Gene Expression Tab: Clustering and Markers

This tab shows the results of Cell Ranger's automated secondary analysis, including clustering and marker gene identification.

  • t-SNE Projections: A t-SNE (t-distributed Stochastic Neighbor Embedding) plot is a visualization that reduces the complex, high-dimensional gene expression data for each cell down to a 2D map. Cells with similar gene expression profiles are plotted close together.

    • By Clustering: This plot shows the cells colored by the automated clustering performed by Cell Ranger. It gives you a first look at the different cell populations (clusters) present in your sample.

    • By UMI Counts: This is the same plot, but colored by the number of UMIs in each cell. It can reveal if any clusters are being driven by technical factors (like high UMI counts) rather than biology.

    Important Note: When interpreting t-SNE plots, only the groupings of cells (the clusters) are meaningful. The distance between two separate clusters does not mean anything, and the X/Y axes (tSNE-1, tSNE-2) have no direct biological interpretation.

  • Top Features by Cluster (Marker Genes): This table lists the genes that are most differentially expressed in each cluster relative to all other clusters.

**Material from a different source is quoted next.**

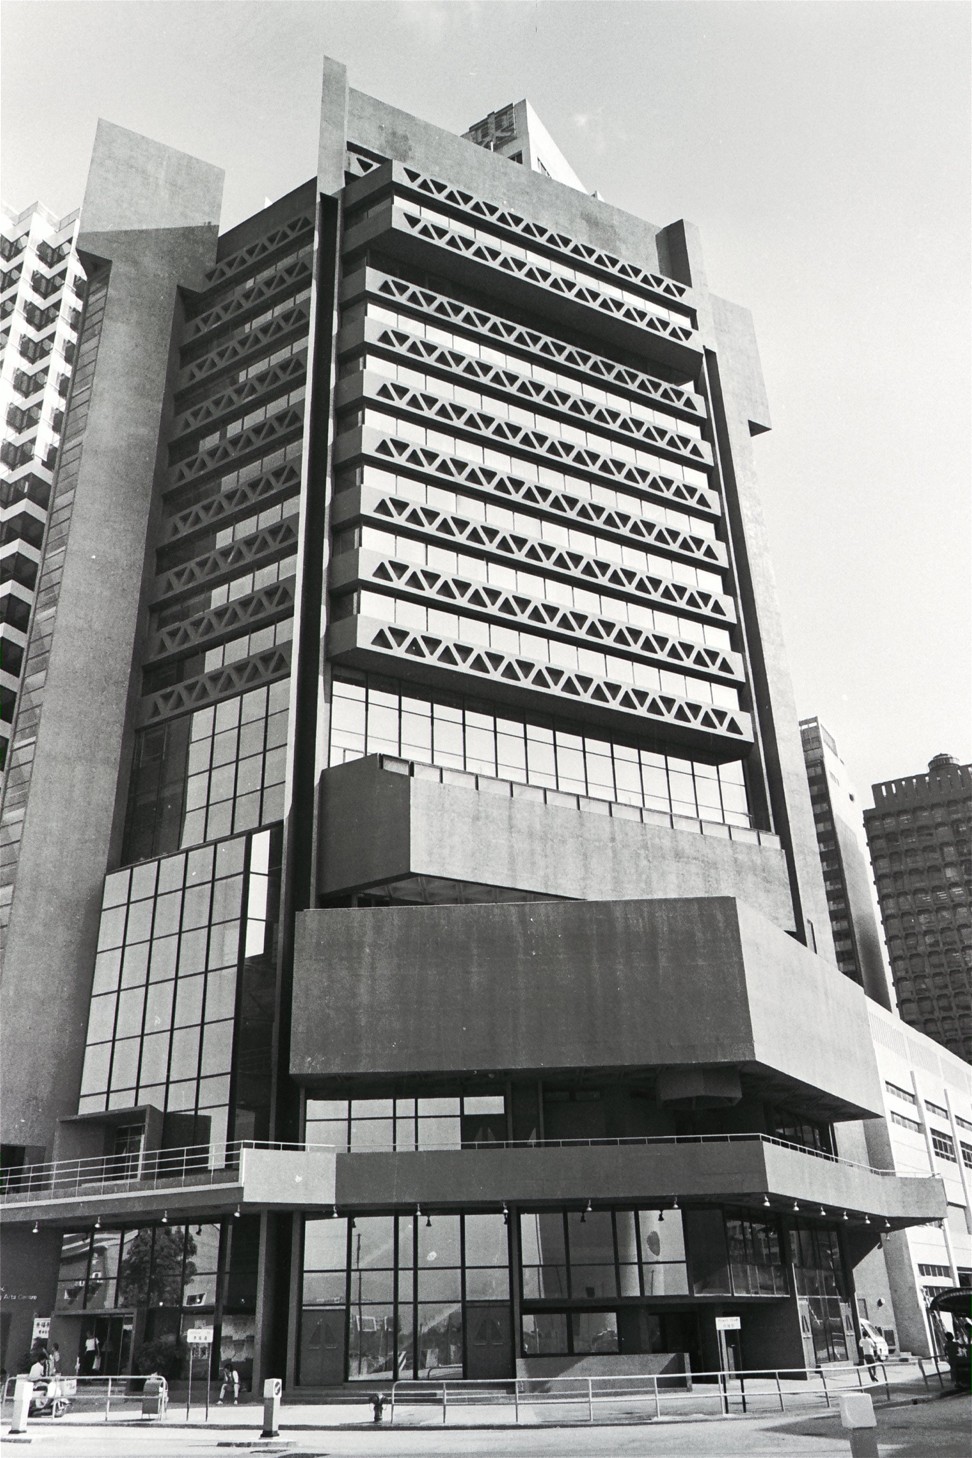 The Hong Kong Arts Centre building opened in 1977. Photo: SCMP

    • How to use it: You can sort the table by columns like L2FC (Log2 Fold Change) or p-value for a specific cluster (e.g., "Cluster 1") to see the genes that define that population. This is the first step in identifying your clusters (e.g., "Cluster 1 is likely T-cells because it highly expresses Cd3e and Cd4").
    • QC Note: Be cautious if the top "markers" for a cluster are all mitochondrial or ribosomal genes. This often indicates that the cluster is composed of stressed, dying, or low-quality cells.

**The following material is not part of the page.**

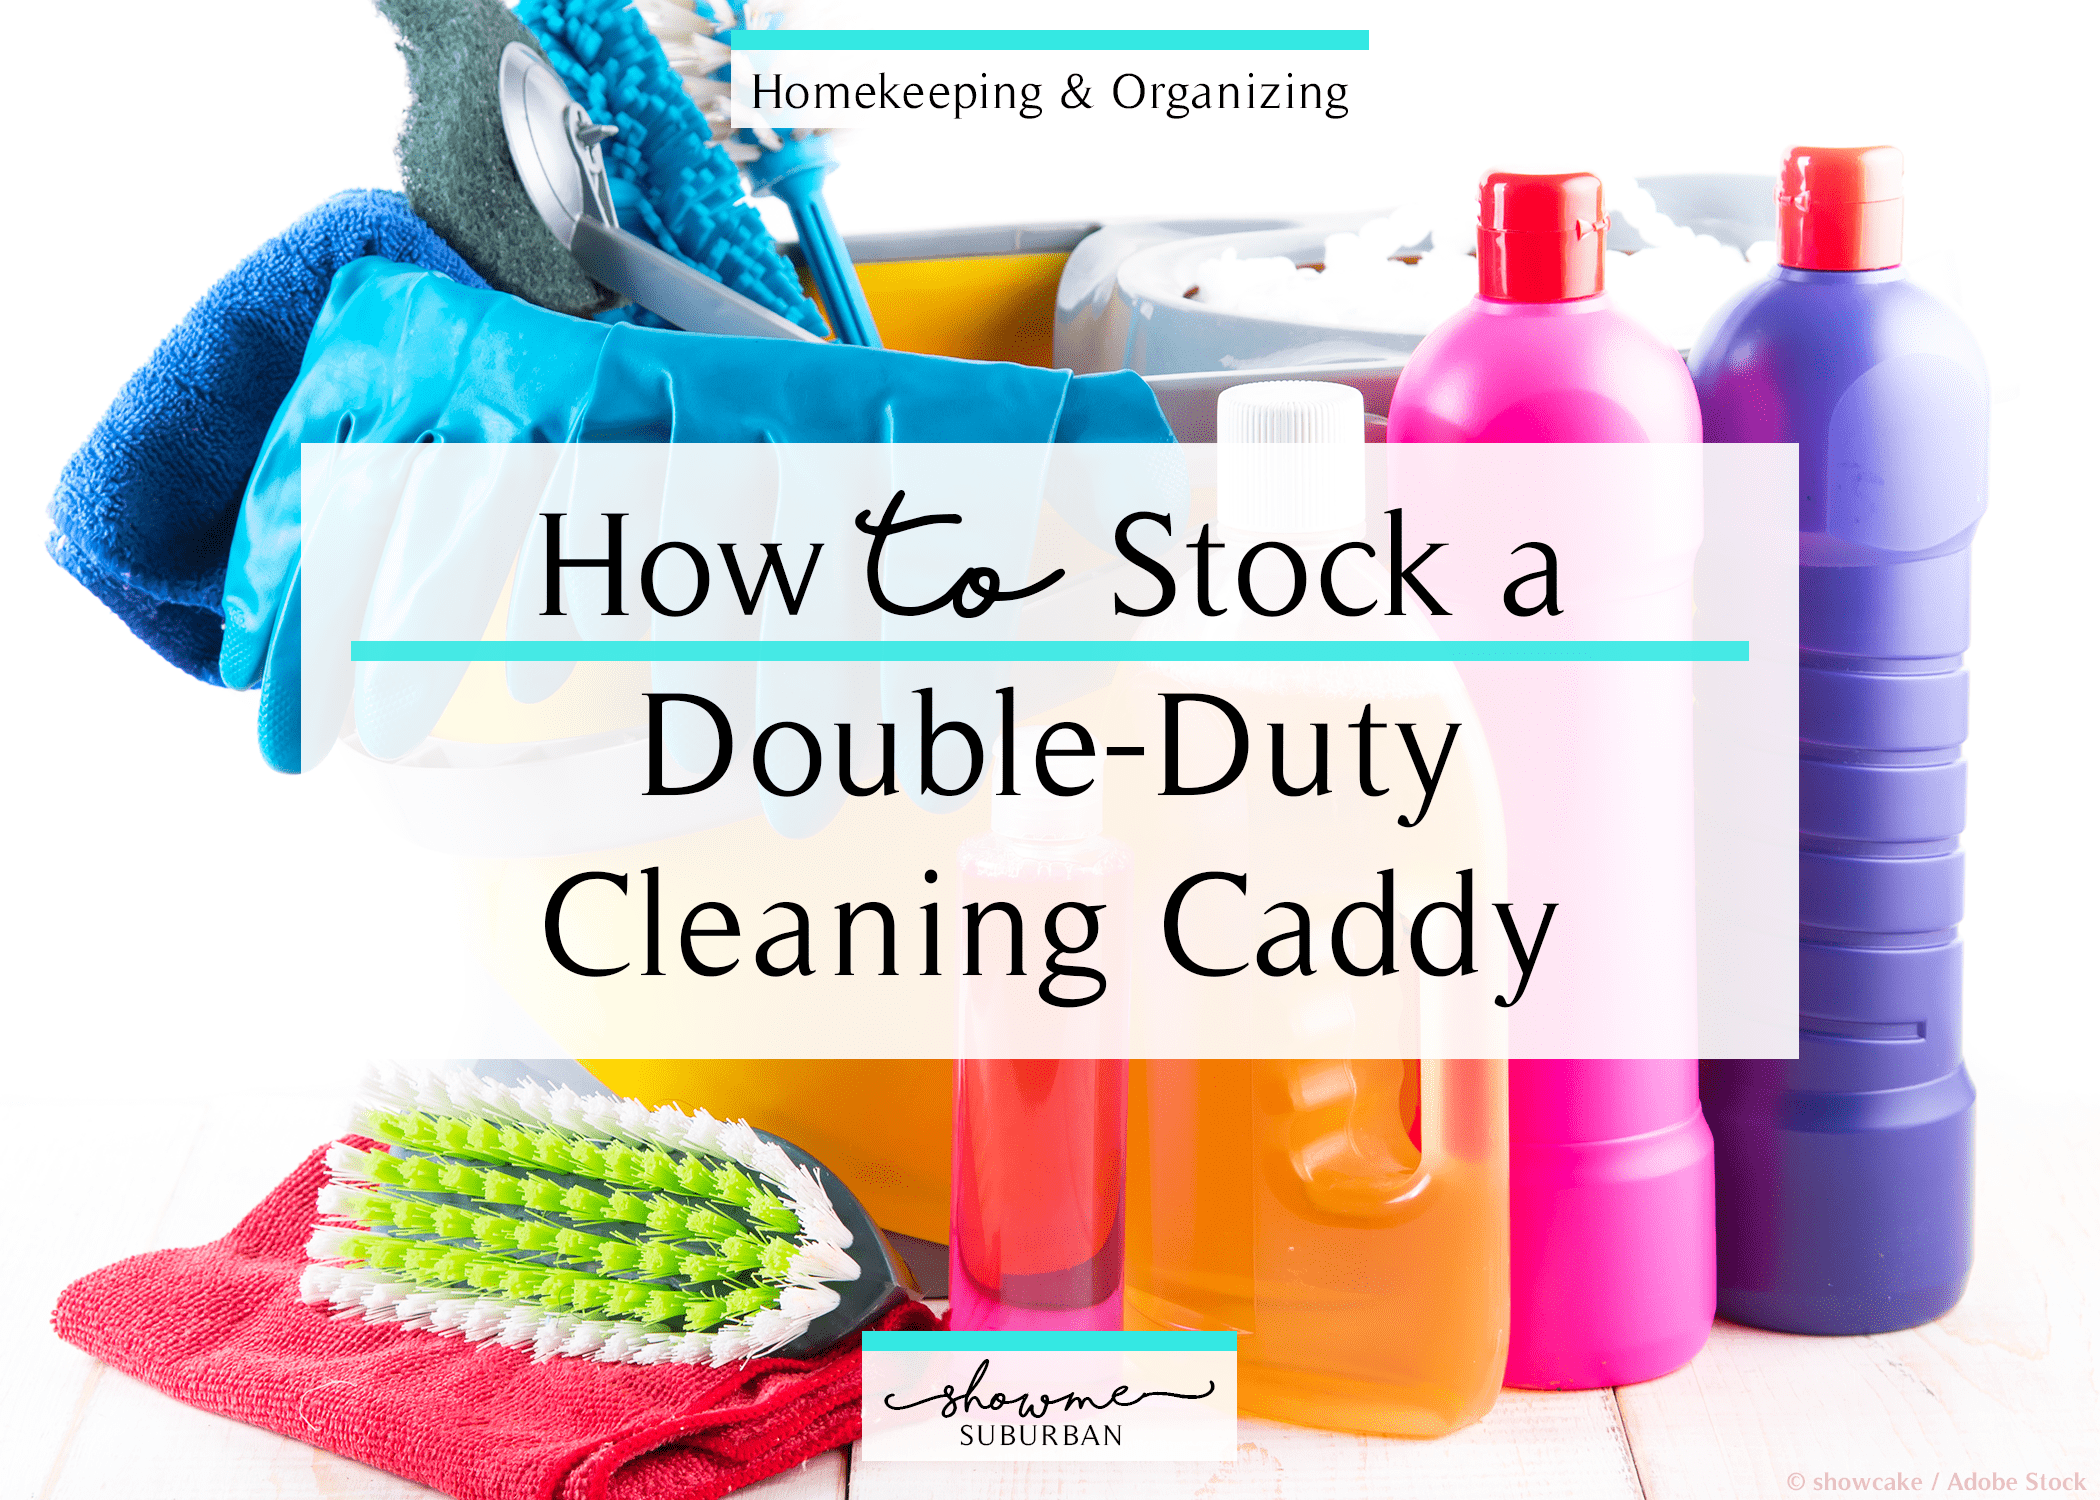 Finally bought a cleaning caddy! : r/CleaningTips

  • Sequencing Saturation Plot: This plot measures the "complexity" of your library. It shows what percentage of the library's unique molecules (UMIs) you have detected at your current sequencing depth.
    • Interpretation: A high saturation (e.g., 90%) means you have found most of the unique transcripts, and sequencing deeper would yield diminishing returns. A low saturation (e.g., 50%) means you could still discover many new unique transcripts by sequencing deeper. Your target saturation depends on your biological question.

Practical QC Checklist: What to Look For

Here is a quick checklist for assessing your Cell Ranger results.

Metric / PlotA Good Result Looks Like...A Red Flag Looks Like...
Barcode Rank PlotA sharp "cliff and knee" shape.A gradual slope with no clear "knee."
Estimated Number of CellsClose to the number of cells you loaded.Drastically lower or higher than expected.
Mapping Rate (Visual Report)High % of reads mapped to exons (e.g., >85% for human/mouse).High % of unmapped reads or intergenic reads.
Median Genes per CellA high number (e.g., 1,000+), but this is very cell-type dependent.Very low numbers (e.g., <500) for what should be complex cells.
t-SNE ClustersClear, distinct clusters separated from each other.All cells are in one big, undefined blob.
Top Features TableClusters are defined by known, relevant biological markers.Clusters are defined by high mitochondrial or ribosomal genes.

By running the Cell Ranger block and reviewing these key reports, you can confidently quality-control your data before proceeding to downstream analysis.